◆ **Problem to work on**
Apart from the images, output the data below exactly.

◆ **Data excerpt**

-- Opening Marker --

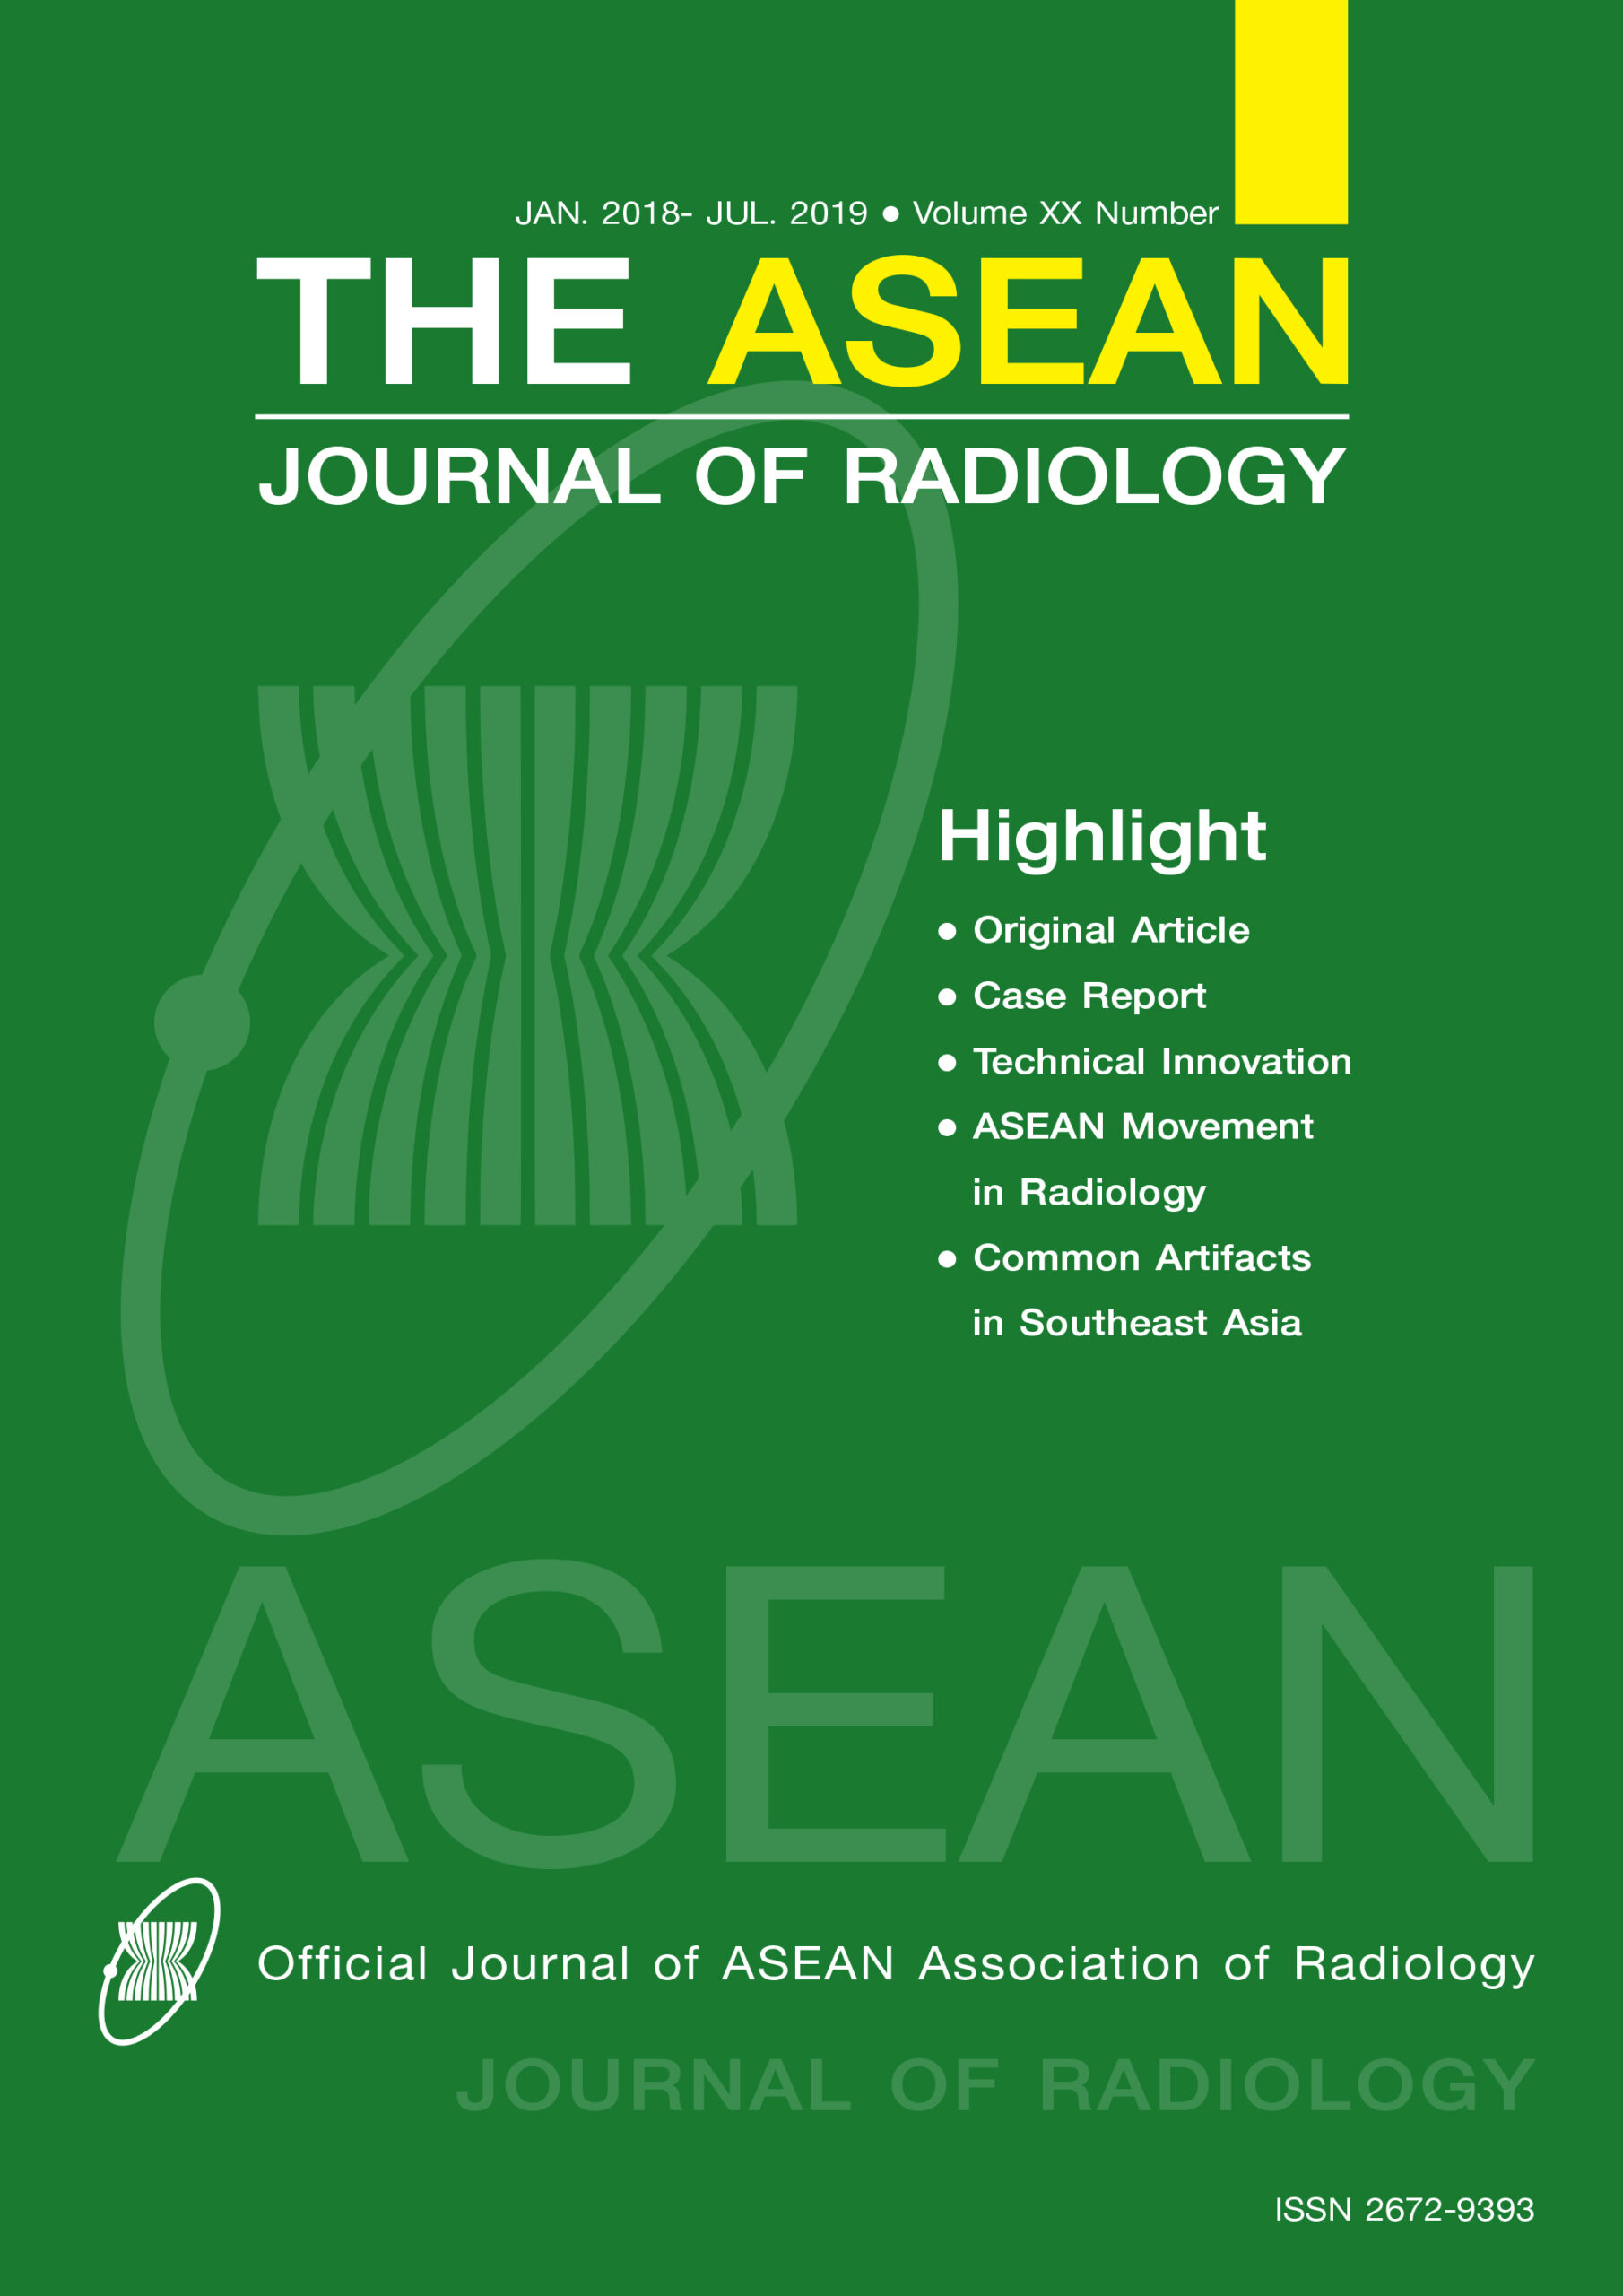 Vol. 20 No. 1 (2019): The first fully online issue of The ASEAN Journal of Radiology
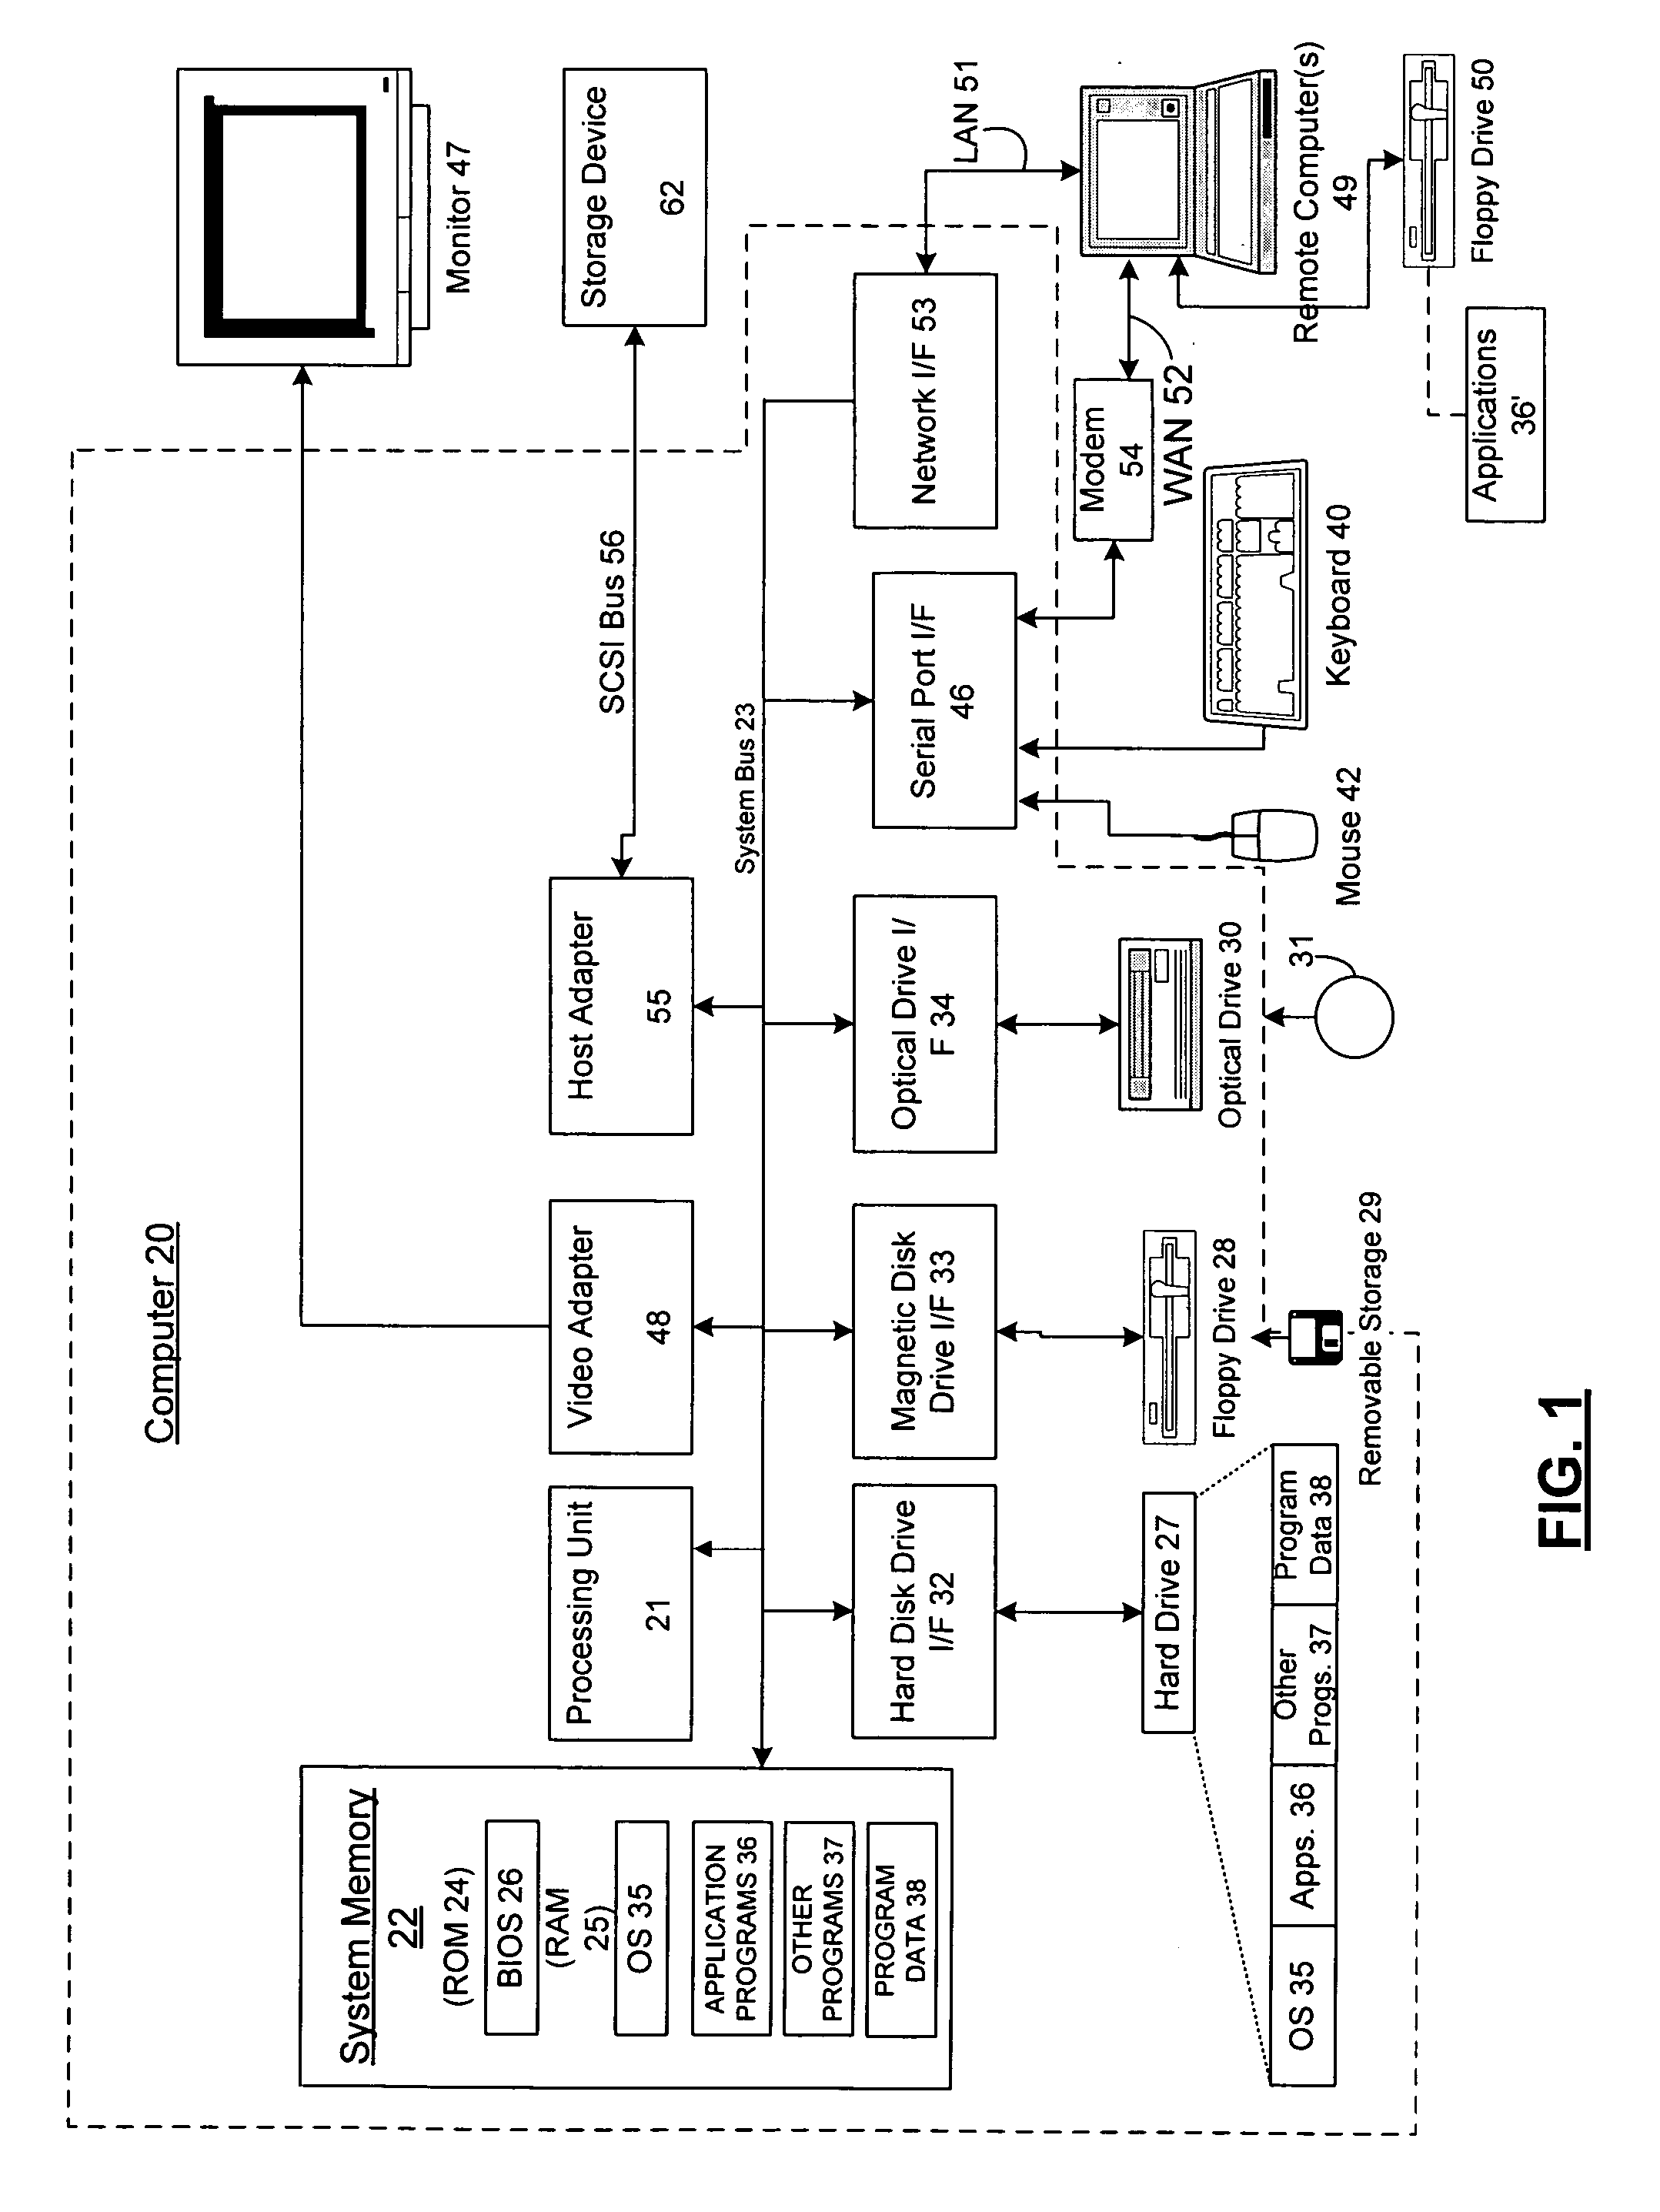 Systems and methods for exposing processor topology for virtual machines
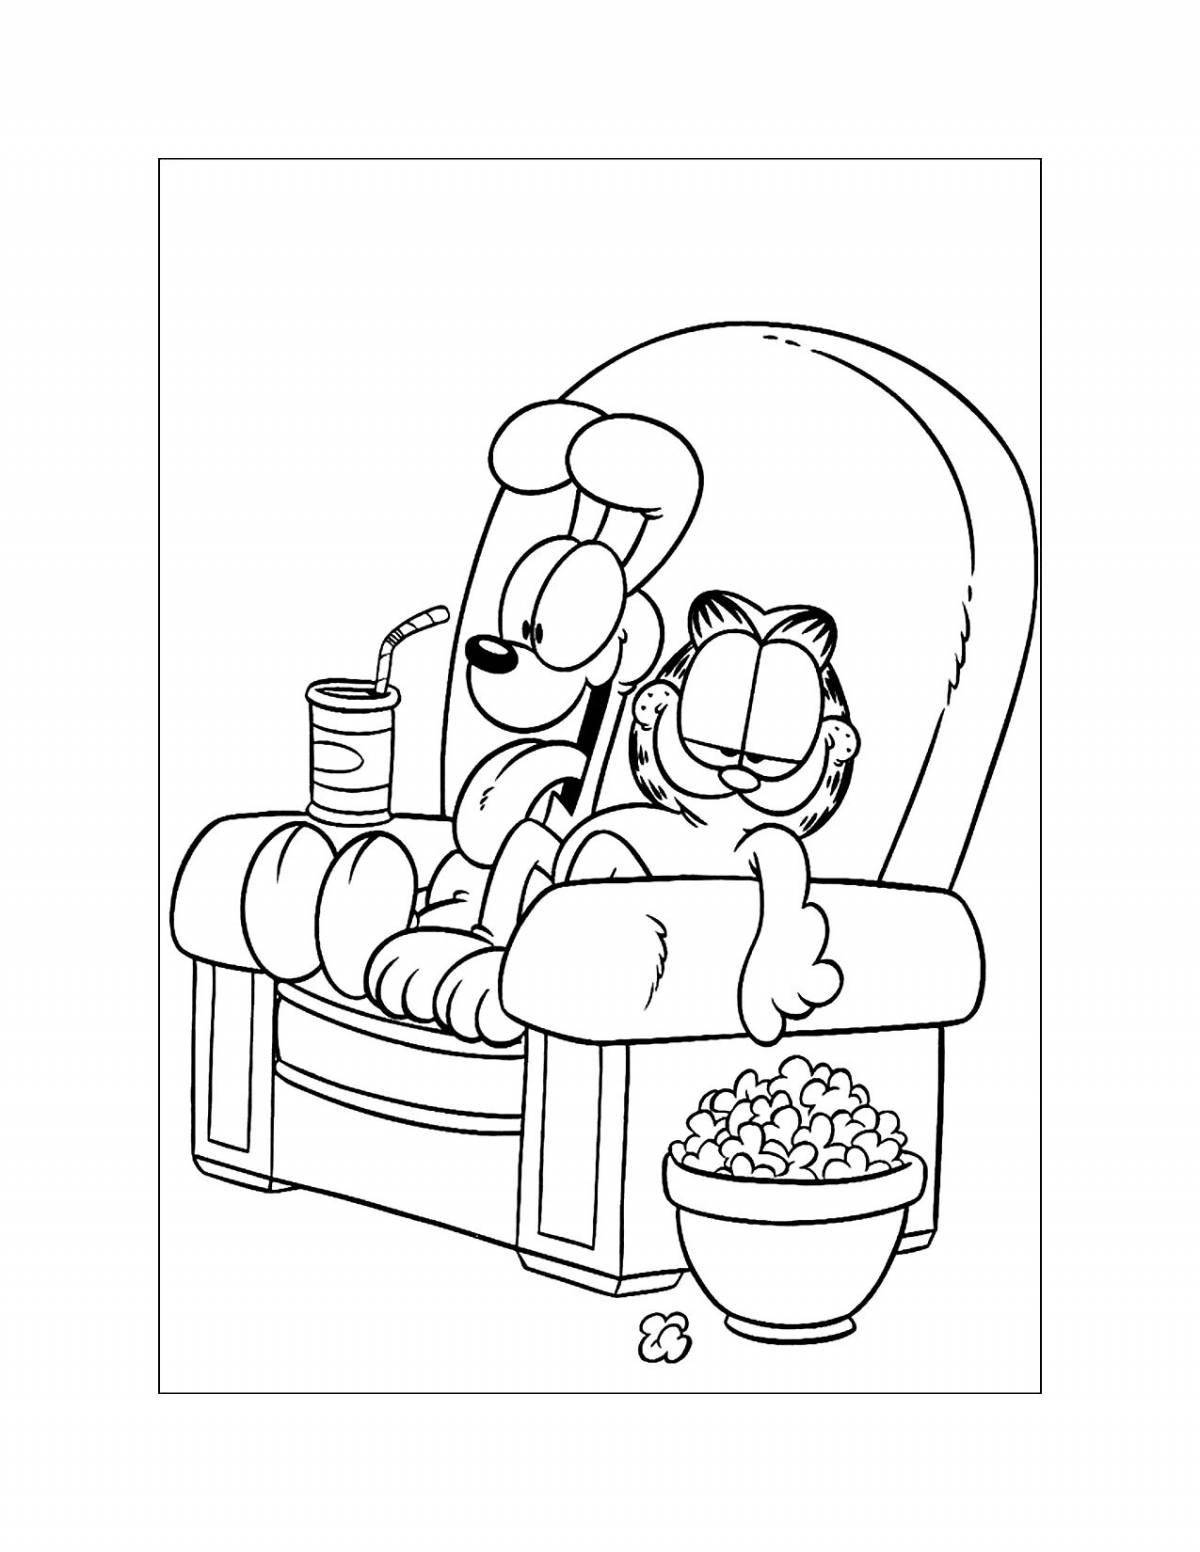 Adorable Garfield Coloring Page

-- Closing Marker --

◆ **Solution**
 Vol. 20 No. 1 (2019): The first fully online issue of The ASEAN Journal of Radiology
 Systems and methods for exposing processor topology for virtual machines
 Adorable Garfield Coloring Page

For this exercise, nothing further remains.